2. Materials and methods

The treatment choice was based on patient–doctor discussions, and there was no randomization. The study was conducted with informed consent from patients and approval from the ethics committee of Henan Provincial People’s Hospital. Patients’ clinical data were derived from electronic or paper medical records as well as telephonic follow-up.

2.1. Patient selection

From June 2012 to December 2016, 300 cases of pathologically confirmed bladder cancer were enrolled in the study; all cases underwent intravesical instillation therapy with THP after TURBT in Henan Provincial People's Hospital (Zhengzhou, China). Inclusion criteria included age >18 years, Eastern Cooperative Oncology Group performance status <2, life expectancy >24 months and intermediate- and/or high-risk NMIBC as defined by the European Association of Urology NMIBC guidelines [22]. Exclusion criteria included perioperative death, intention to conceive, pregnant/lactating women, THP allergy, the use of other intravesical treatment agents during treatment, end-stage cachexia, severe bleeding disorder, bladder diverticulum >1 cm, residual urine >100 ml, bladder volume <150 ml, active urinary tract infection, urinary incontinence, urethral stricture impeding 20 F catheterization, nonurothelial histology, coexisting upper urinary tract (renal pelvis, ureter) tumors, previous history of upper urinary tract tumors, clinical stage T2, partial cystectomy, previous pelvic radiotherapy/systemic chemotherapy and previous intravesical chemotherapy. The TNM classification for bladder cancer was used to define the stage of NMIBC [23] while histological grade was defined by the World Health Organization 1973 grading system.

2.2．Transurethral resection of bladder tumors

Both groups underwent TURBT under general anesthesia. Bladder tumors were detected by cystoscopy after cystolithotomy. At the same time, continuous lavage-type resection (cutting control using 100–115 W, electro-coagulation control using 70–80 W) was performed. Saline (0.9%) was used as a flushing solution. An electro-resection endoscope was placed in the urethral position of patients to observe the intravesical tumors. The tumor body and pedicle were resected by lateral, anterograde and retrograde resection. The resection range included 2 cm of normal carrier tissue near the tumor deep into the muscle layer. All patient had routine indwelling of the three-way Foley catheter and then continuous bladder irrigation using a large amount of 0.9% saline at room temperature was performed until the color of urine became clear. Within 3 days after TURBT, treatment was implemented if there was no existence of gross hematuria.

2.3. Procedures of the BR-TRG-I urinary bladder hyperthermia treatment system

The BR-TRG-I urinary bladder hyperthermia treatment system, also known as the BR-TRG-I-type high-precision intraperitoneal thermal perfusion treatment system, which is a body cavity thermal perfusion system developed independently in China, has been described in detail previously [24]. The BR-TRG-I urinary bladder hyperthermia treatment system (Figure 1(A)) consists of a continuously circulated, closed circuit through a three-way Foley catheter and bladder. The heated THP is continuously instilled at a constant temperature into the bladder. The instillation temperature is 45 °C for a duration of 45 min. There is a dedicated disposable treatment tube assembly (Figure 1(B)) which includes a dual ultrafiltration system to flush the bladder mechanically. The cancer cells can be filtered effectively without the possibility of siphoning back into the bladder.
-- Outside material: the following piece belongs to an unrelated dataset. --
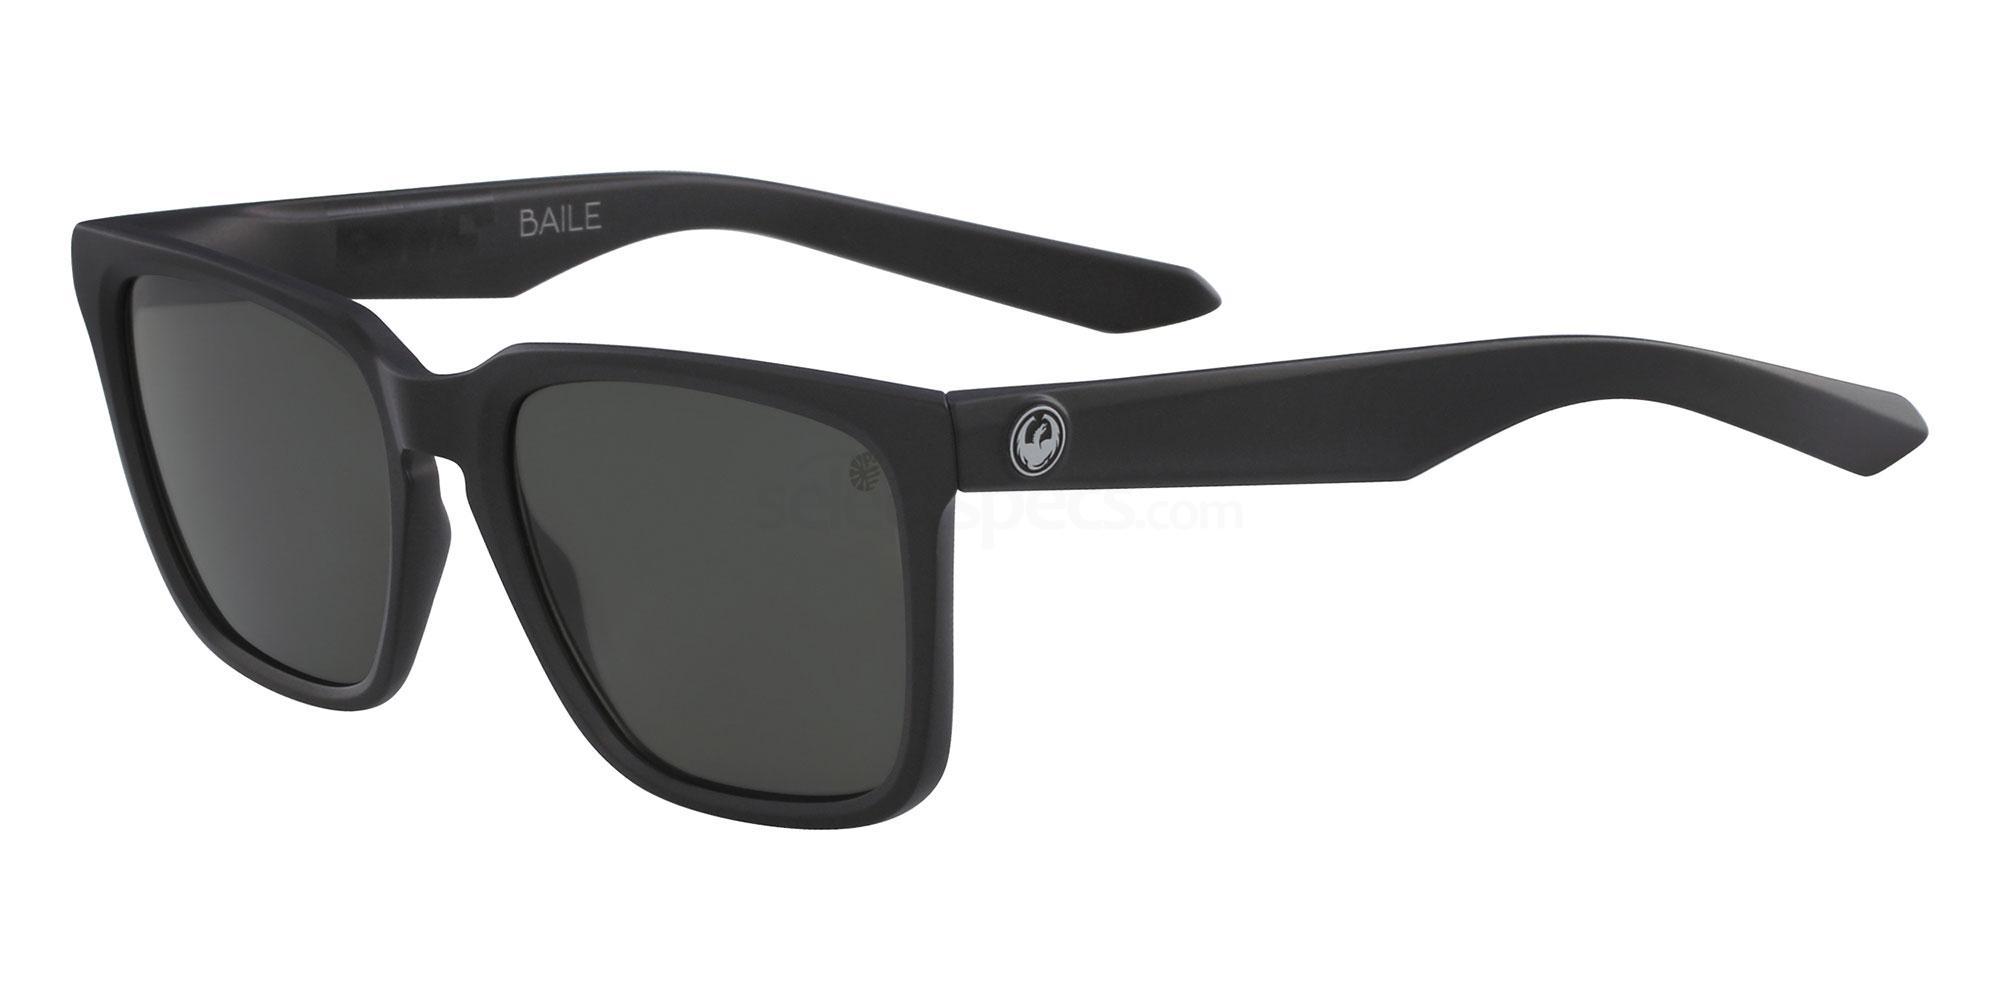 004 DR BAILE LL POLAR Sunglasses, Dragon
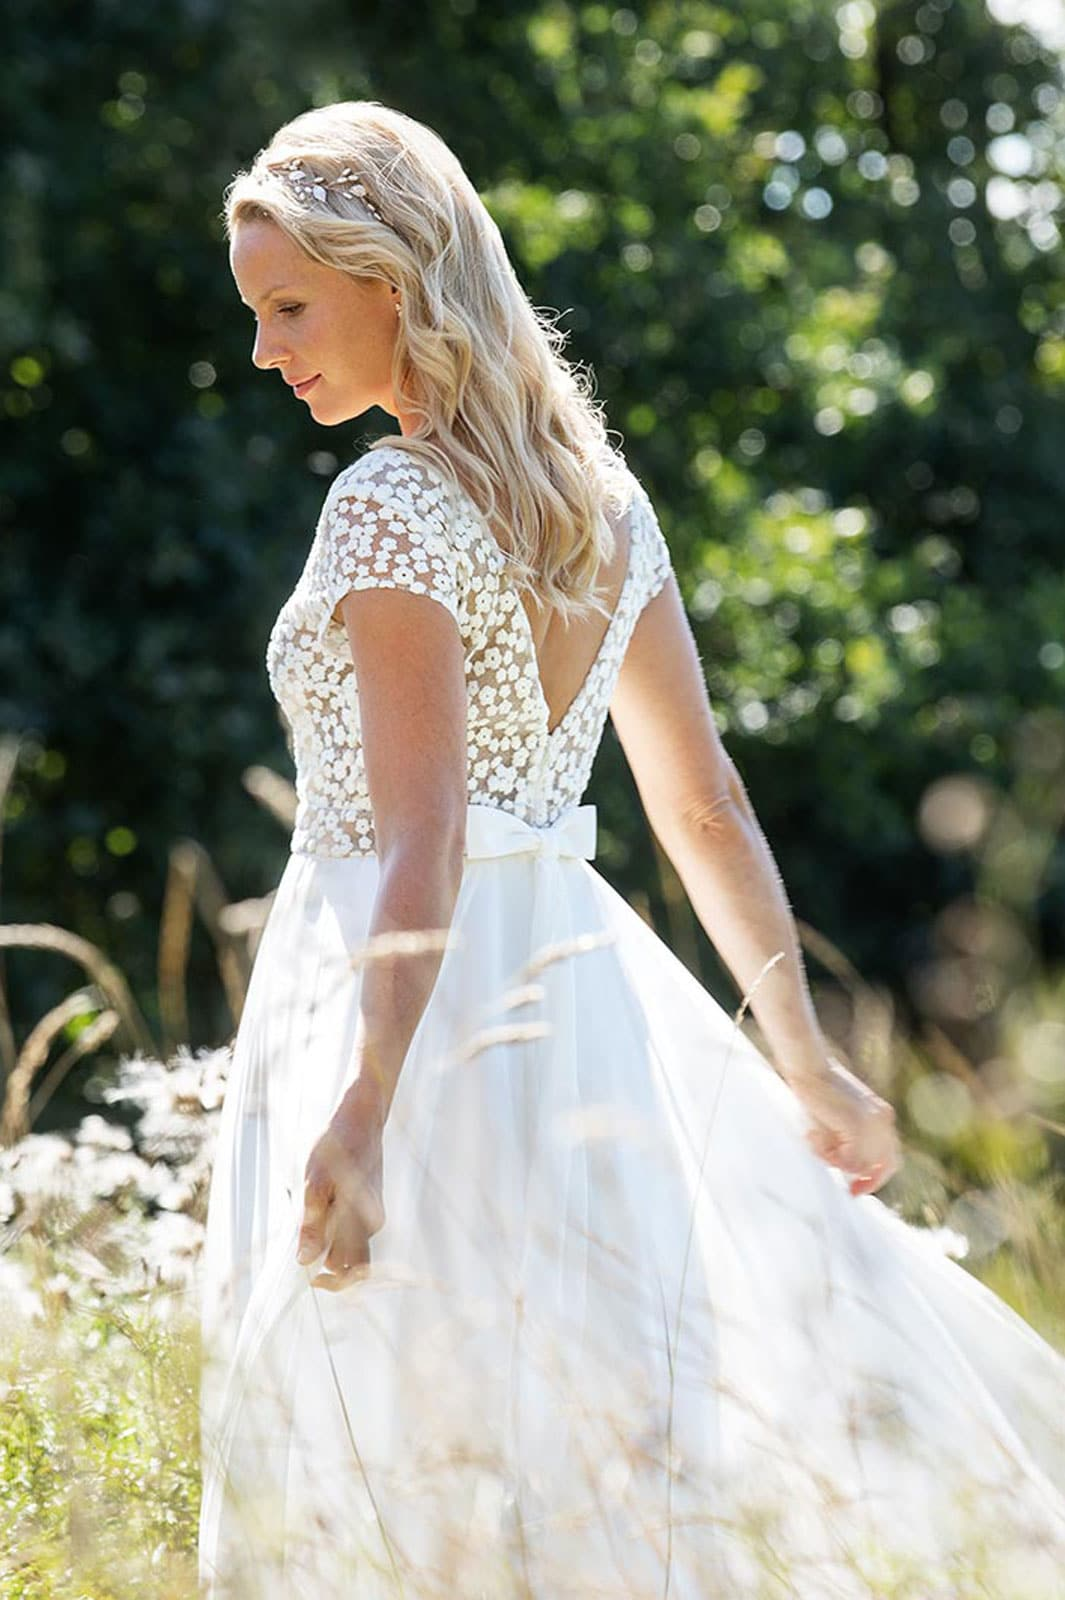 Brautkleid Blütenspitze V-Ausschnitt Chiffonrock

The inlet pipe is connected to one chamber using a 20 Fr three-way Foley catheter, and the outlet pipe is connected to another chamber. Each of the two pipelines is equipped with temperature probes. At the same time, the product uses a computerized numerical heating control system, an active automatic cooling system, an automatic safety guarantee system and a noninterference temperature measuring system. The system makes use of large-capacity intelligent water bath temperature controls and high-efficiency heat exchange technologies to accurately control the temperature at an accuracy of ±0.1 °C to maximize its safety and effectiveness. Intelligent treatment software uses a fuzzy control algorithm to precisely control system operations; parameters, including treatment time, temperature, flow and power, can be displayed in real time. This software can be adjusted accordingly and has a user-friendly interface. Professional technicians control the treatment process to ensure the safety of the treatment, and a doctor records the clinical data of patients on a specialized system.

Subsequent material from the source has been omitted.